There was also another nod to the fitful recruitment strategy immediately after promotion at Wembley last summer that left City at a major disadvantage in trying to bridge the huge divide.

Yet for all those negative forces, Norwich had still put themselves in a position to secure survival before a tame surrender to Sunderland in a 3-0 home defeat last month signalled the start of the depressing final act.

Norwich went four games without scoring a goal (never mind earning a point) prior to hammering Watford in a bizarre atmosphere at Carrow Road, and battling defeats to Arsenal and Manchester United in that spell were defeats nevertheless as City's squad looked increasingly weary and lifeless.

Martinez's position may now have been decided following Everton's equally wretched second-half to the season, but Neil's future is very much a live topic.

Norwich players applaud the fans after their relegation.

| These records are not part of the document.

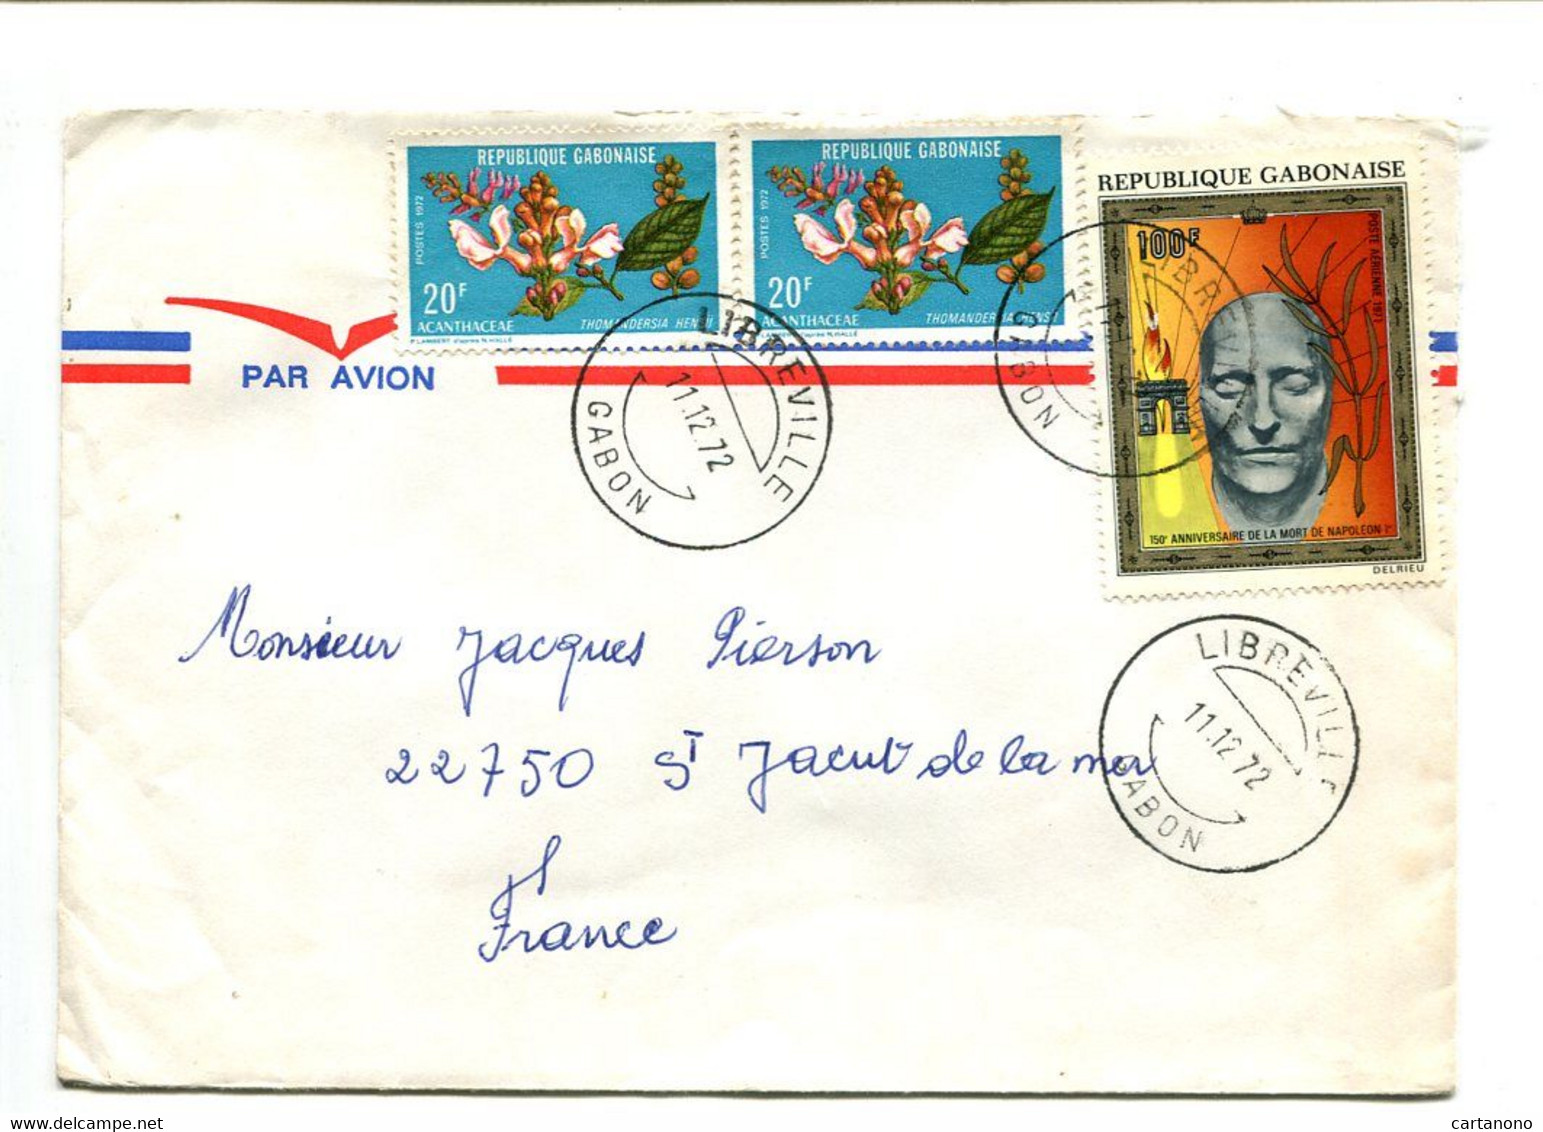 GABON Libreville 1972 - Affranchissement Sur Lettre Par Avion - Napoléon / Fleurs - Napoléon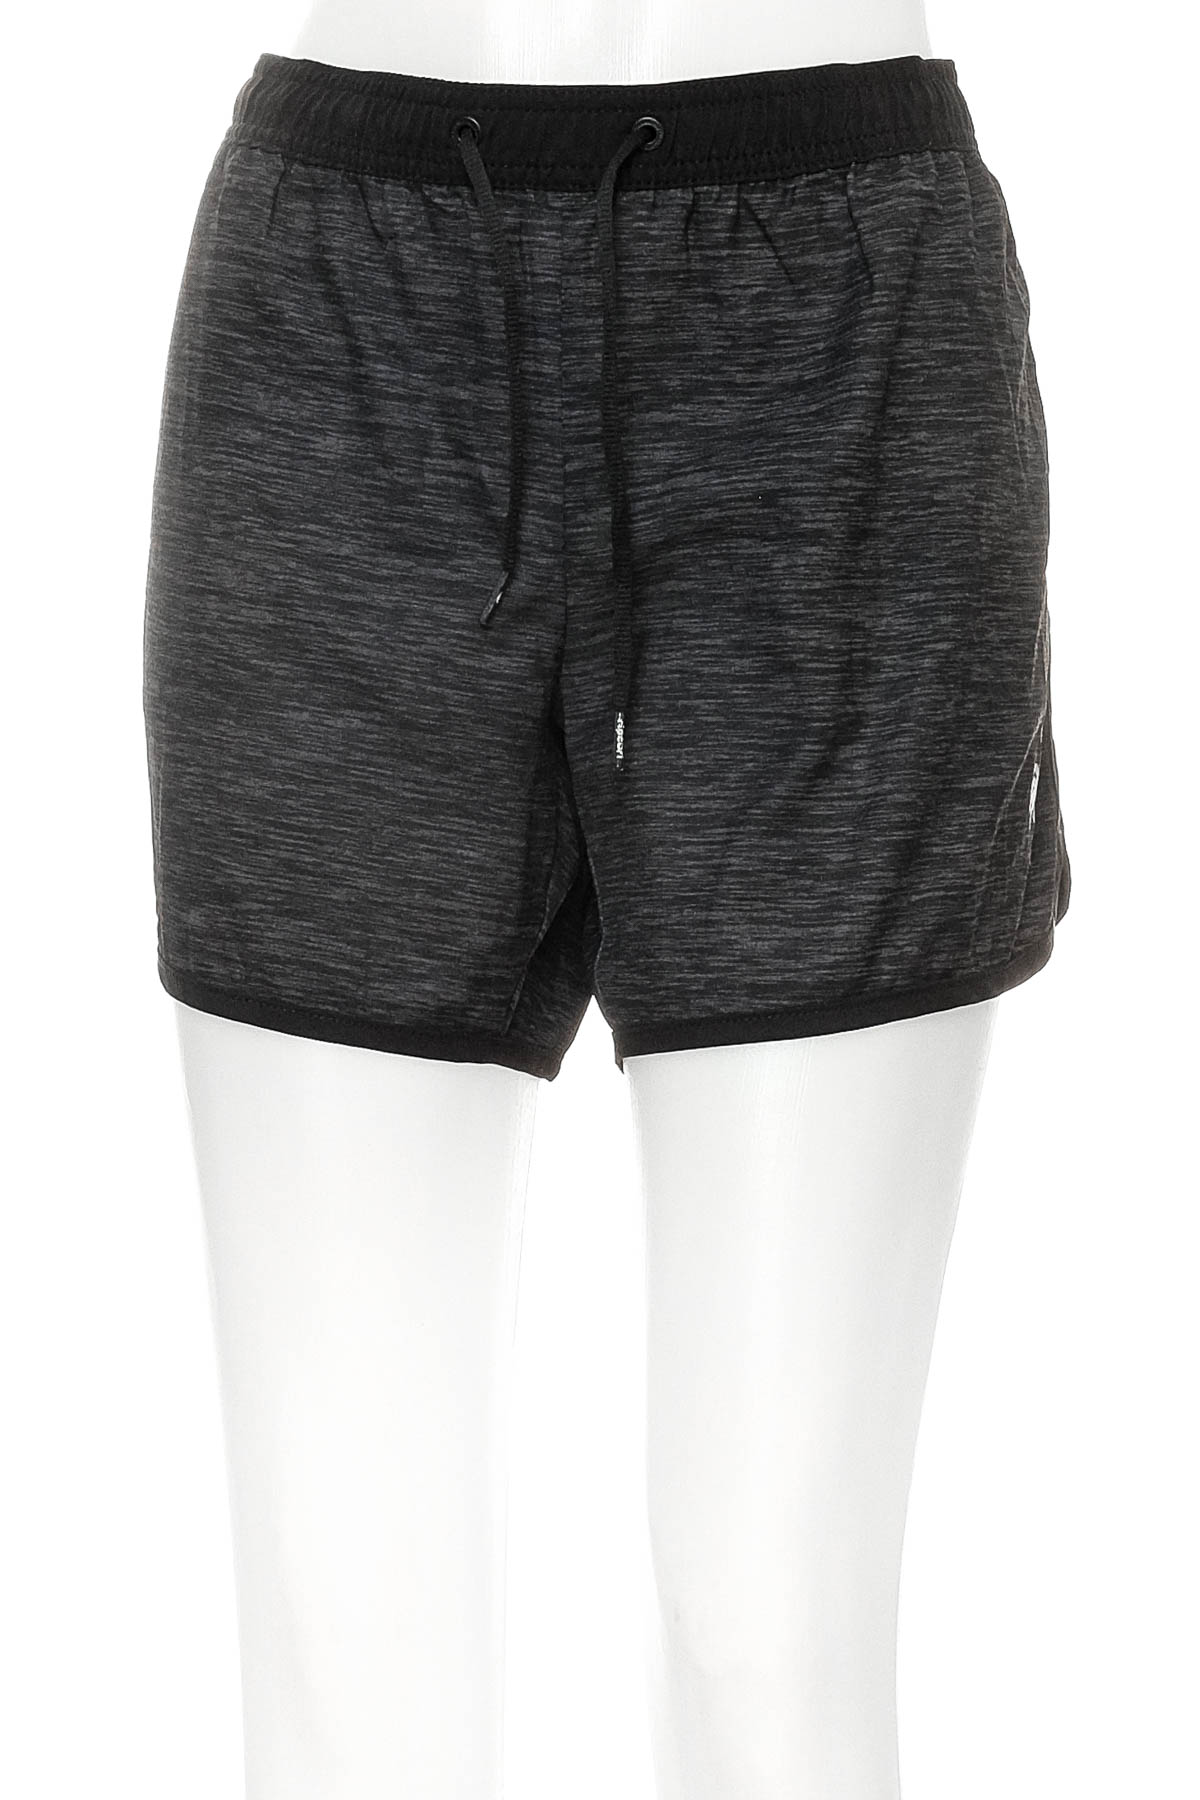 Women's shorts - RIPCURL - 0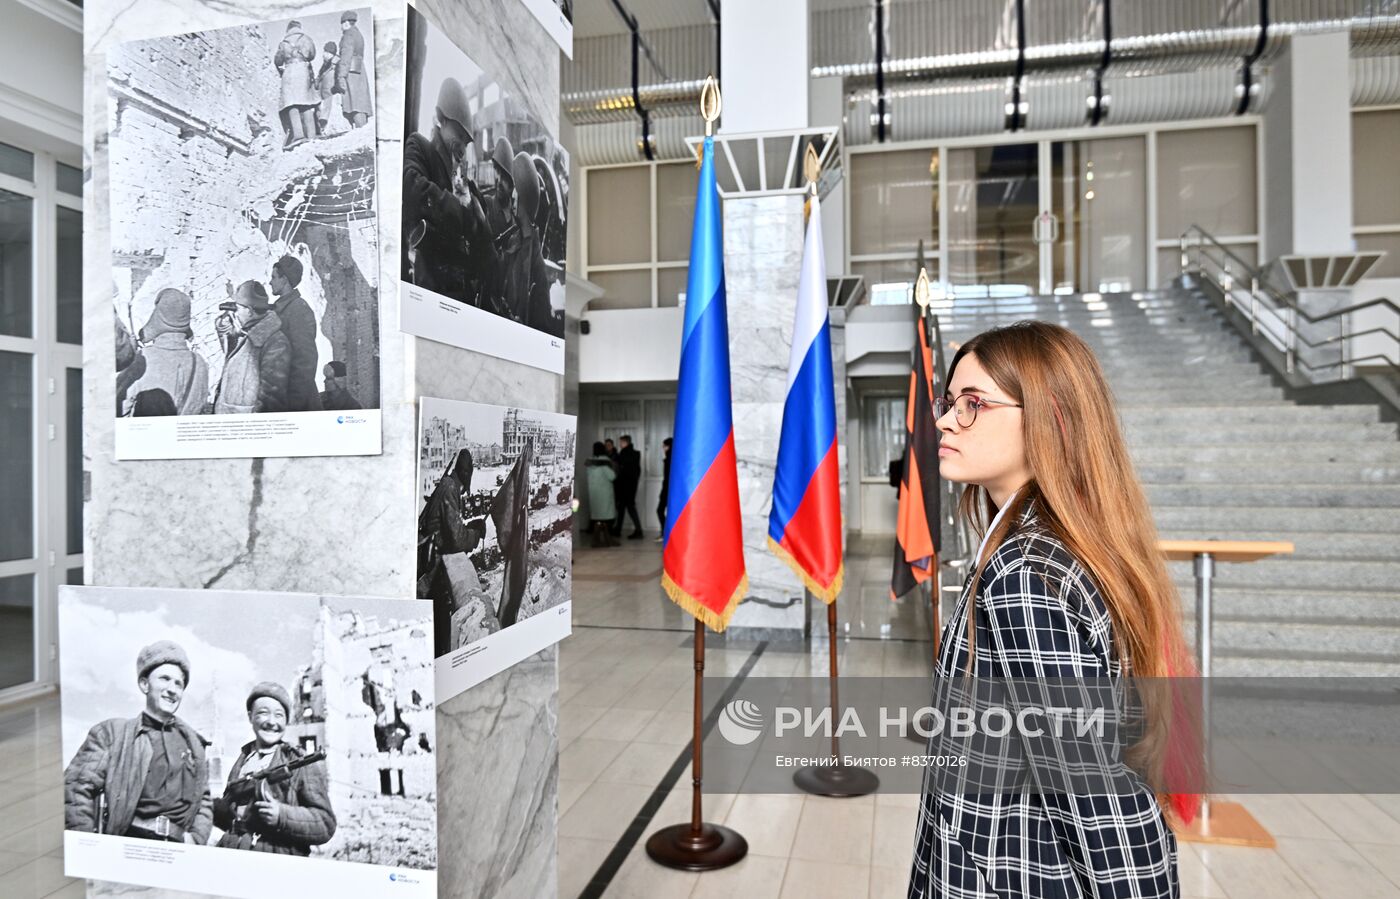 Открытие фотовыставки "Освобождение. Луганск"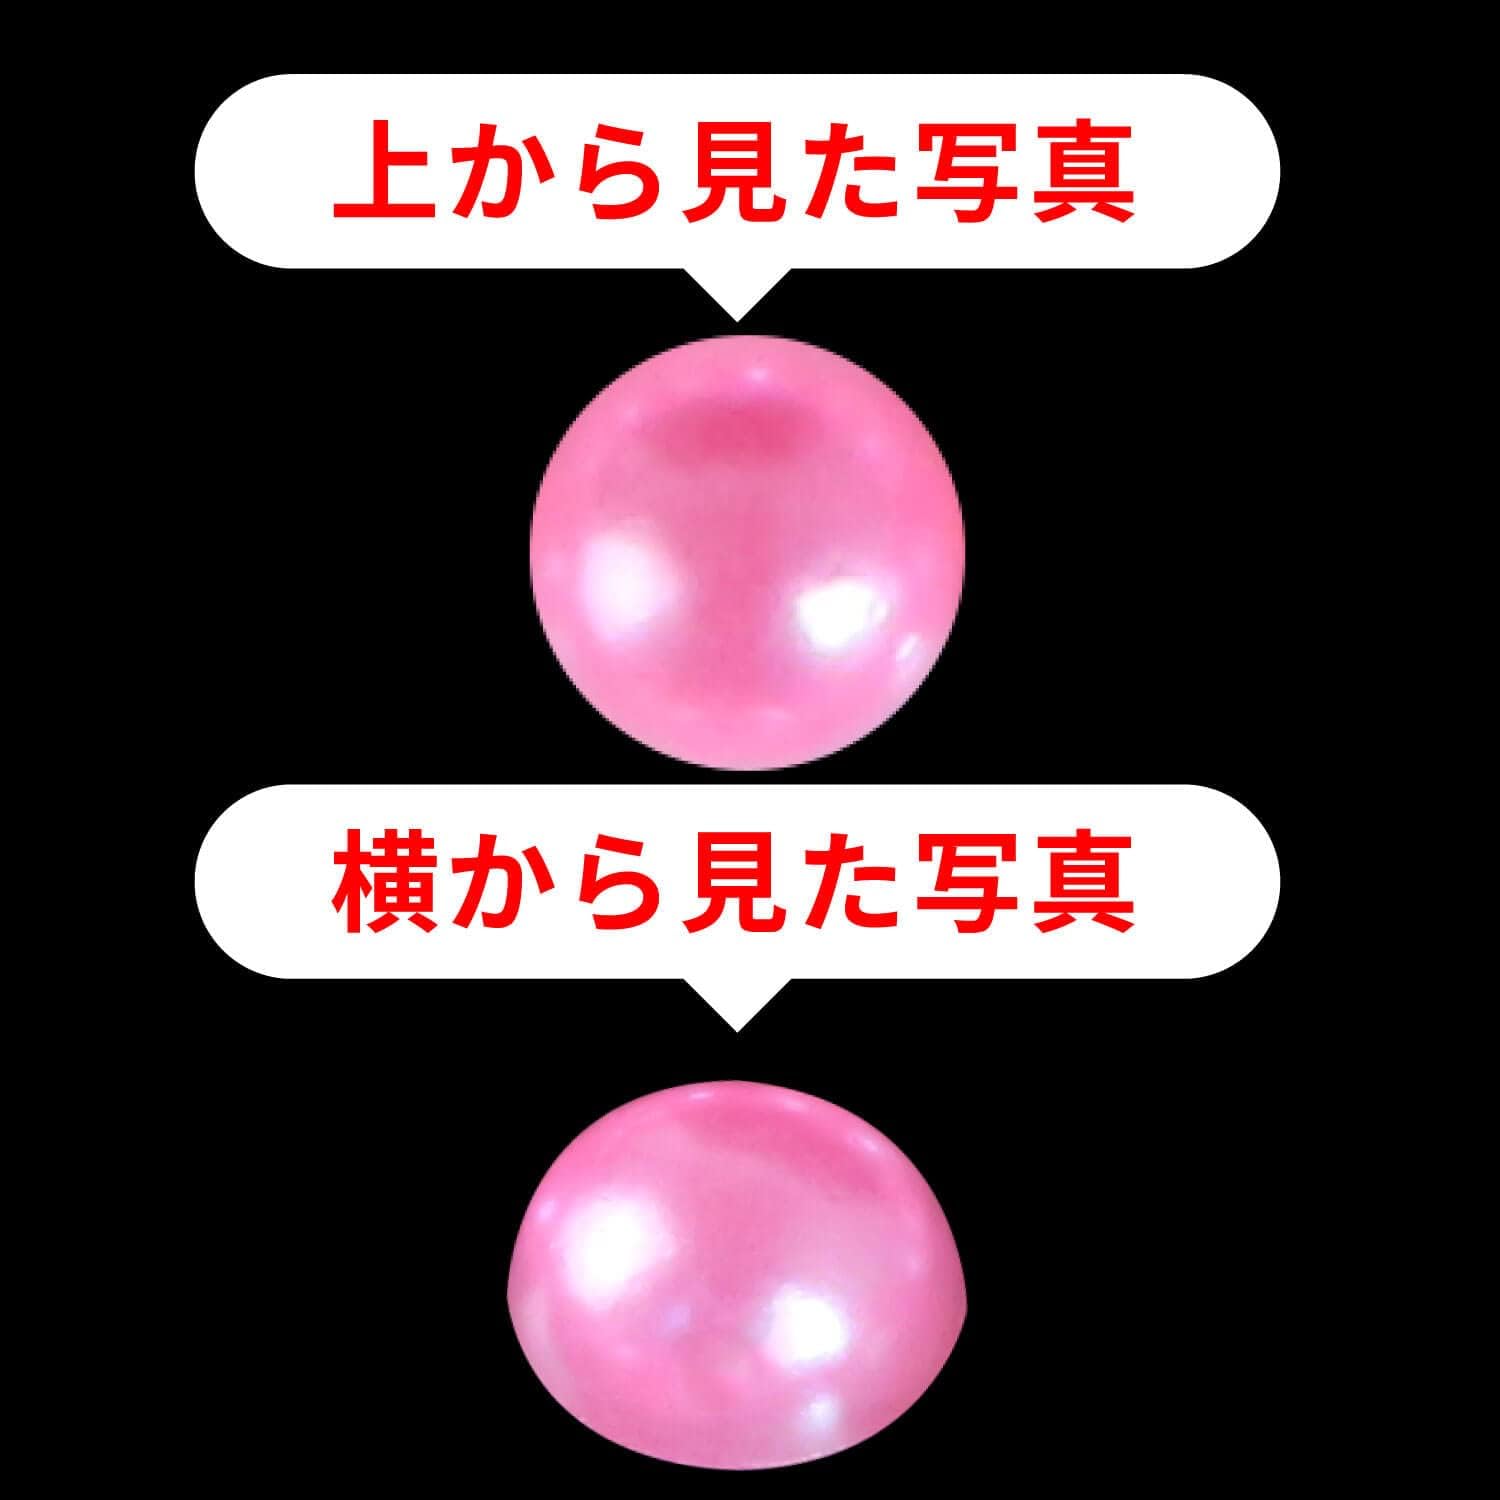 110 ラインストーンシール(デコシール) パールタイプ 6ミリ【ピンク】1 ...

The Scot has made it clear he is up for the fight and the challenge of spearheading Norwich's bid to emulate the likes of Burnley this season, and themselves last season, by limiting their stay in the Football League to just one campaign. But understandably, given the shock resignation of the club's chief executive David McNally last week, Neil must sit down with the club's owners after Sunday to seek assurances on the direction of the Canaries.

This is another massive summer in the timeline of Norwich City. It requires a swift resolution to the search for McNally's successor to begin the process of an inevitable churn to the playing squad. Neil reiterated on Thursday, when he spoke to the media, that Norwich do not need to sell their top talent due to their healthy financial situation but that is only one part of the equation.

City profited 12 months ago when they picked up Robbie Brady from relegated Hull City after the Republic of Ireland international had made it clear to the Tigers that he did not intend to stay in the Championship. It would be naive to expect all of Norwich's current squad to think differently.

More to the point, assuming Neil remains at the helm, he must refresh a group of players who in certain cases have now suffered two relegations in three seasons. For some, Norwich's trip to Everton will be their last in the green and yellow.

Neil expects nothing less than a positive flourish, not only to bid farewell to the Premier League on an upbeat note, but to signal the desire and the determination to bounce back at the first attempt.